Pero yo estaba preocupado por otro asunto: tendría que dejar una buena suma en la administración para que conservaran la habitación 947 tal cual estaba en ese momento. Mover un cuerpo afectado por un campo de desaceleración taquiónica puede ser fatal. No soy un asesino.
—Es verdad. —Desplegué la máquina del tiempo —que en máxima expansión no es más grande que una cabina telefónica— e invité cortesmente a Tetas para que entrara primero.
—¿No me está mintiendo para aprovecharse de mí? Todos se aprovechan de mi inocencia, siempre. —Tetas Contempló a Lauría y Becerra con una expresión resentida.

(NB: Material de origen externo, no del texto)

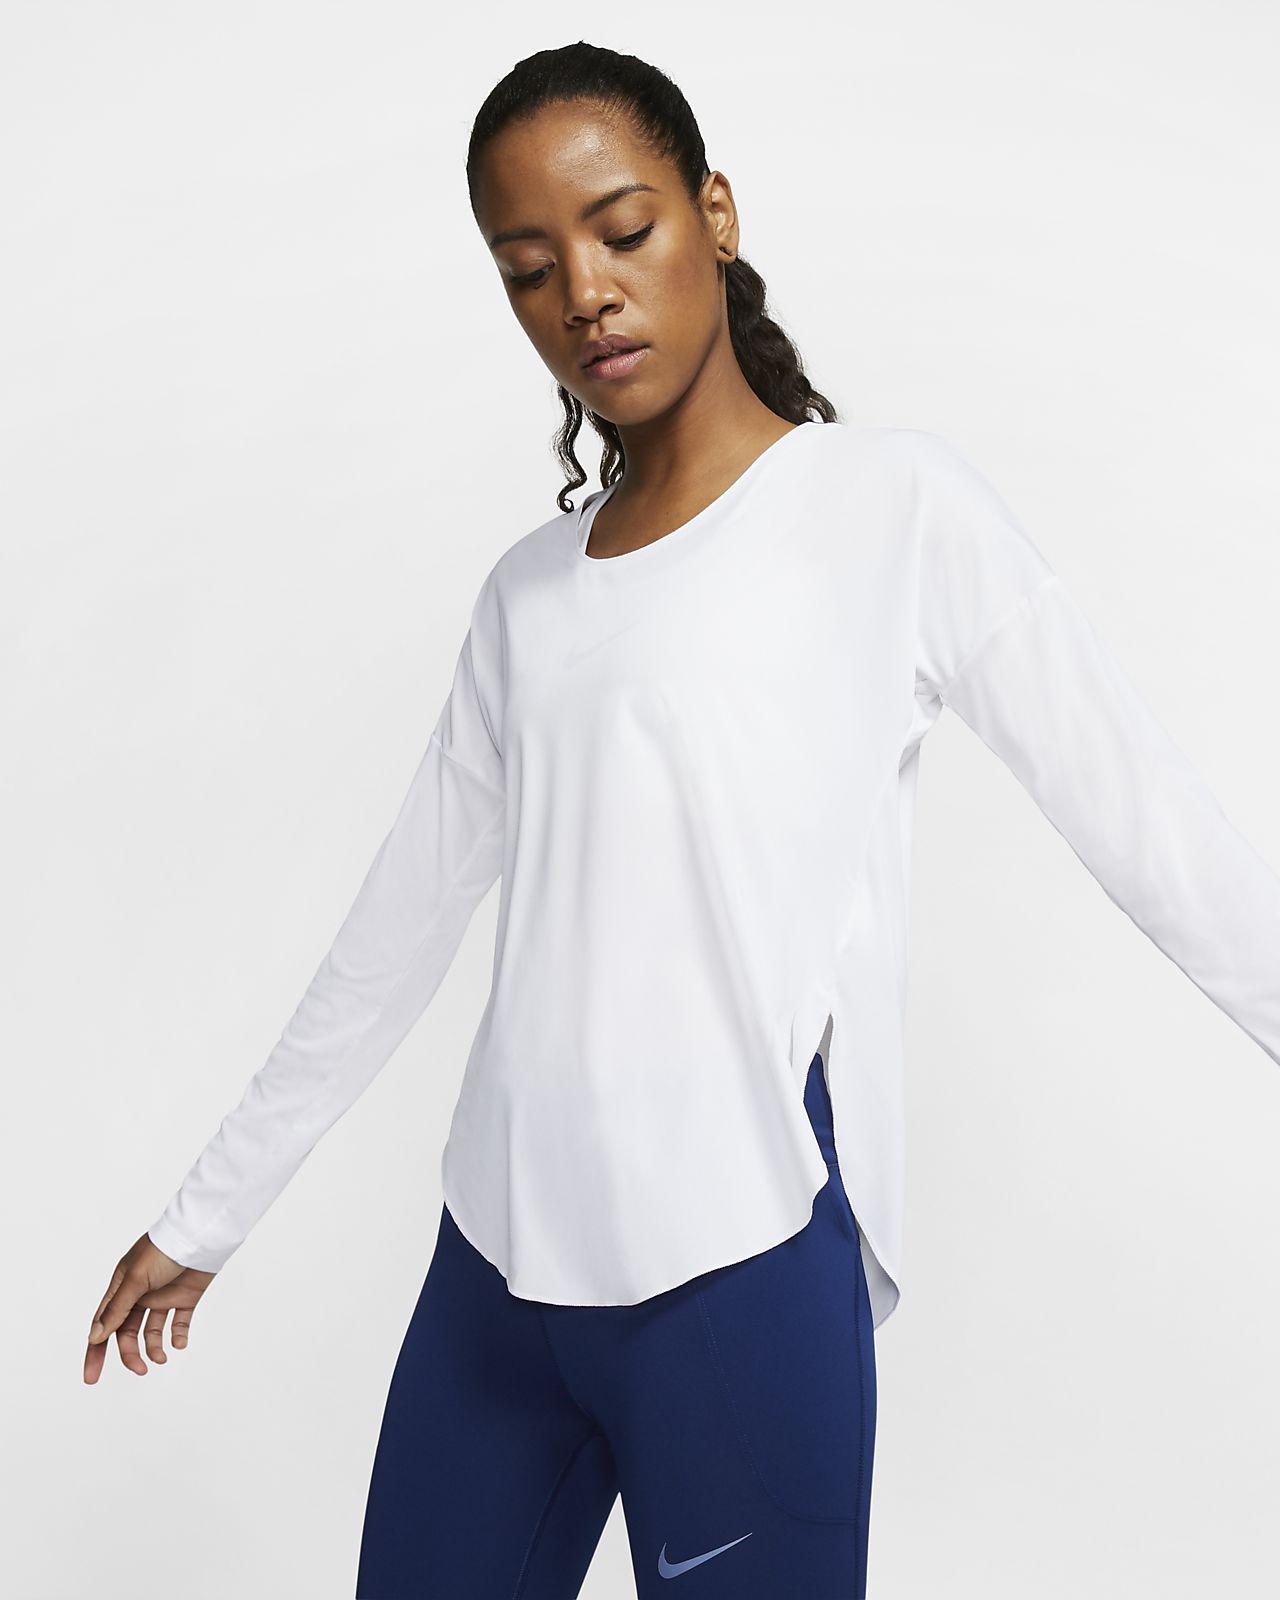 Nike City Sleek Women's Long-Sleeve Running Top

—Se lo juro —dije ligeramente divertido—. Y en todo caso tenemos un ingenioso dispositivo llamado paraguas que jamás falla cuando el aguacero es intenso. Es casi infalible y su único enemigo de fuste es el viento del este. 
—¿Qué hace el viento del este? —preguntó Tetas, con la mayor ingenuidad.
—Eso te lo explicaré dentro de cuarenta años y en otro lugar de la galaxia —repliqué, esperando una andanada de preguntas. Pero Tetas no preguntó nada y apretó las ídem contra mí pecho. Partimos.